Mało kto wie, że podróżując po Europie trzeba zwolnić mocniej, niż w Polsce. Maksymalne prędkości w innych krajach są, bowiem znacznie mniejsze niż w naszym kraju. A ta niewiedza może sporo nas kosztować spotykając na swojej drodze patrol policji.
Maksymalne prędkości na drogach w Europie
Jedynie Bułgaria podobnie jak Polska pozwala jeździć po swoich najszybszych drogach z prędkością 140 km/h. Oczywiście w tym całym zestawieniu należy pominąć Niemcy, gdzie rozwijana maksymalna prędkość nie ma żadnego limitu. Kraj ten jedynie sugeruje ile powinno się jechać – a jest to 130 km/h, a więc i tak mniej niż u nas.
Są kraje, gdzie o dozwolonych 140 hm/h można pomarzyć. Maksymalne prędkości w Islandii i na Malcie nie przekraczają trzycyfrowej liczby. Jest to kolejno 90 km/h i… 80 km/h. A kary za ich przekroczenie są znacznie surowsze niż w Polsce.
Rozbestwieni kierowcy
Przyzwolenie na tak duże prędkości w Polsce ma bardzo zły wpływ na kierowców. W ich ocenie skoro mogą jechać 140 km/h, to mogą i znacznie więcej. Zwłaszcza że kary finansowe w porównaniu do obecnych zarobków są niewielkie.
Problemem wciąż na pewno pozostaje zbyt łaskawy taryfikator, z którego już po prosto się kpi.
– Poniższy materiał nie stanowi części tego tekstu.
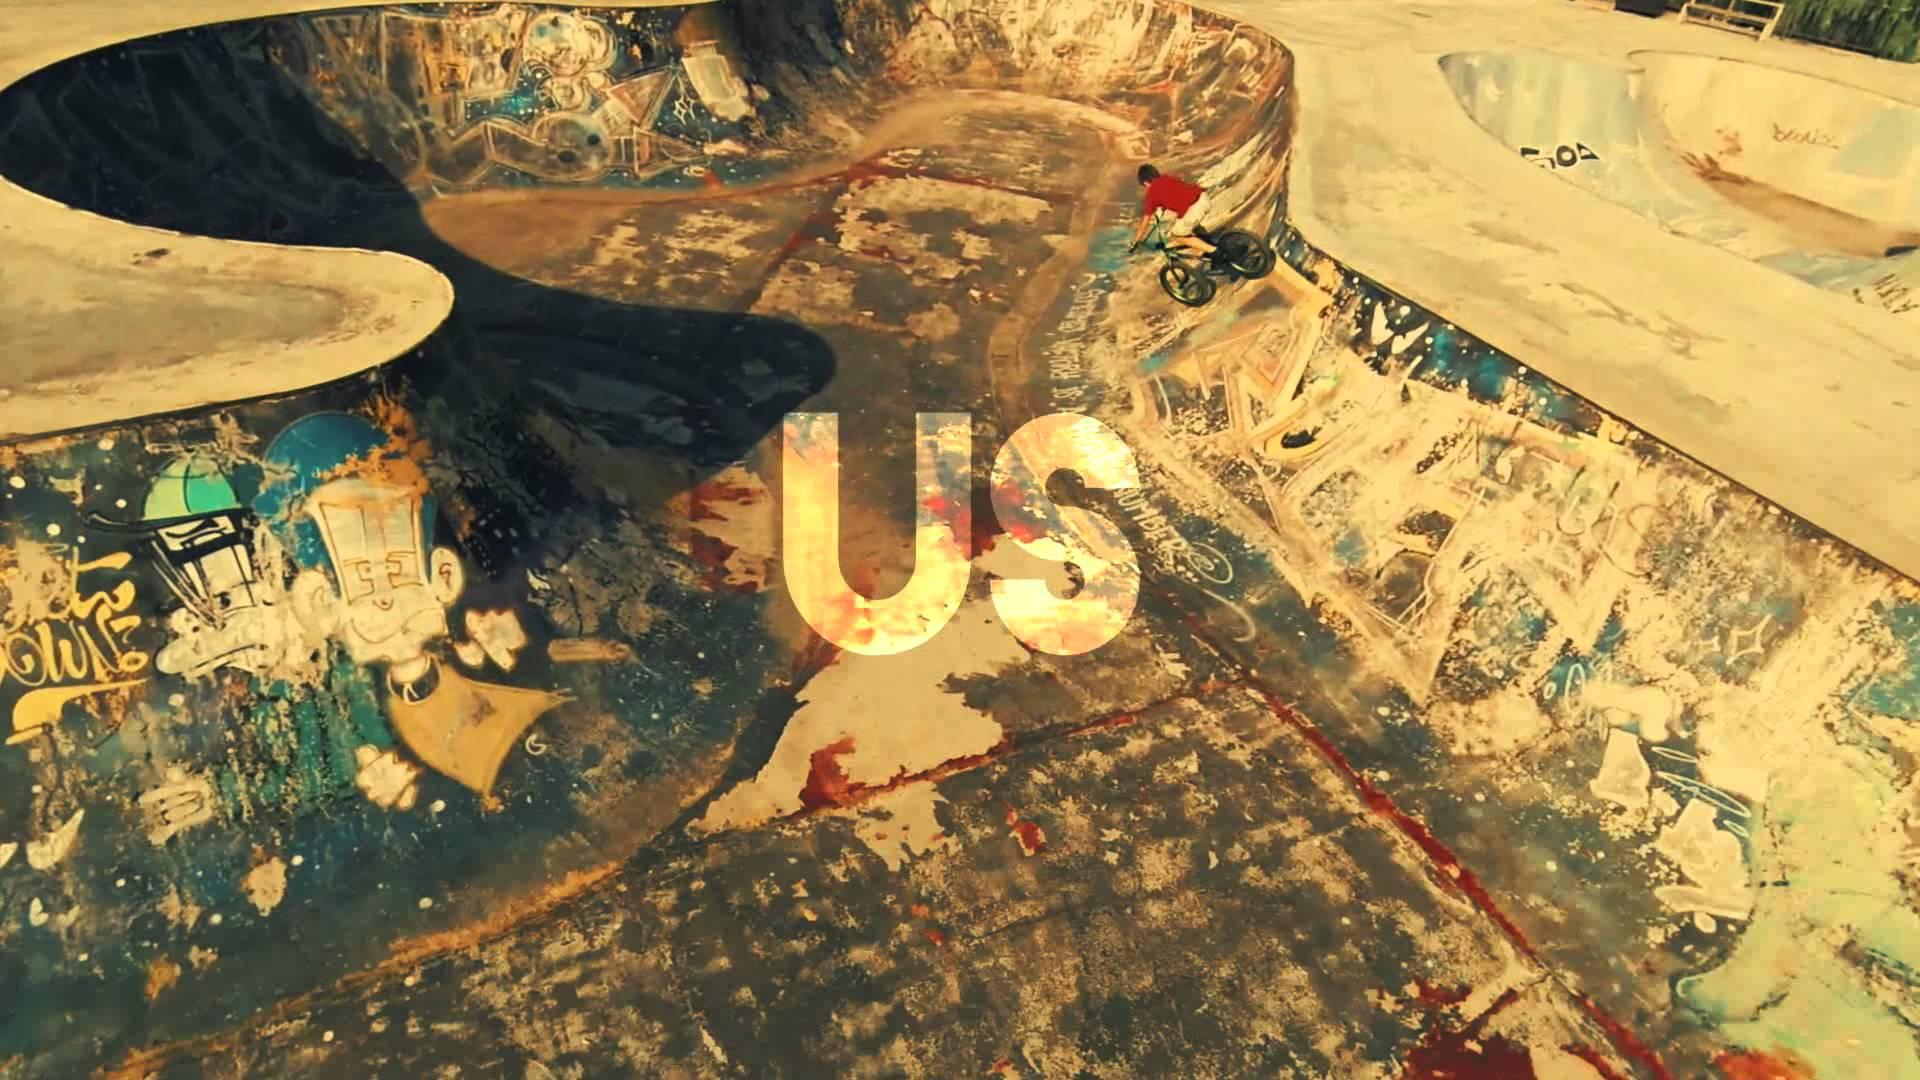 Tom Swoon et Lush & Simon – Ahead Of Us (Lyric)
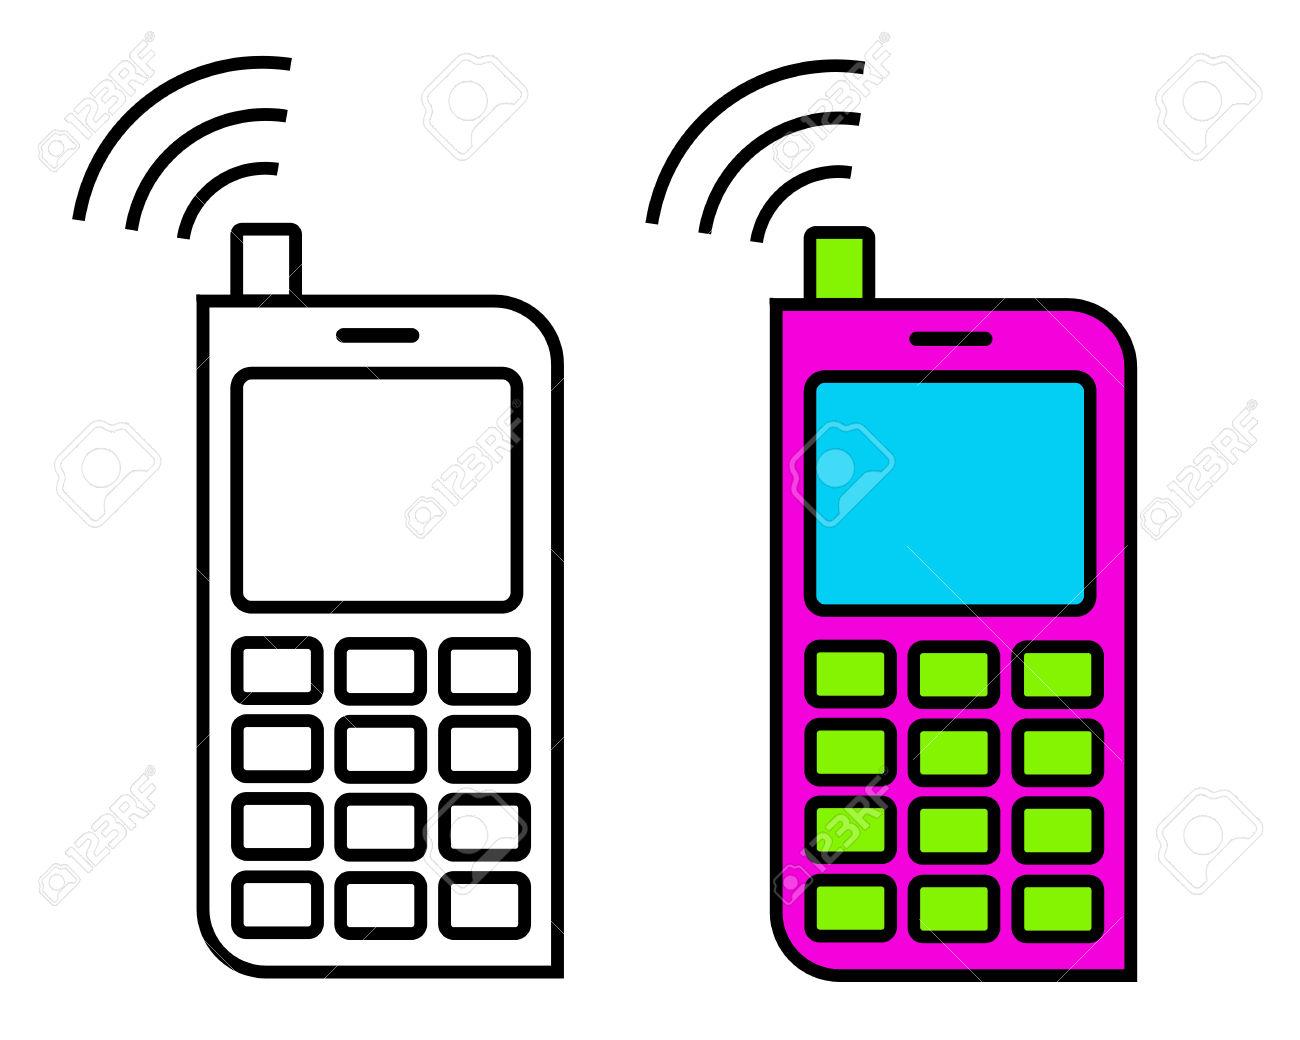 1300x1040 Phone Clipart Simple

Miał on zostać zmieniony, ale widoczniej rząd ma ważniejsze sprawy jak np. własne podwyżki, niż bezpieczeństwo obywateli. Bez wyciągania większych konsekwencji sytuacjach na polskich drogach szybko się nie poprawi. Tylko w te wakacje na polskich drogach zginęło 437 osób.
Warto nie sugerować się znakami, możliwościami i przyzwoleniami, a własną głową. To na pewno najlepsze źródło bezpieczeństwa.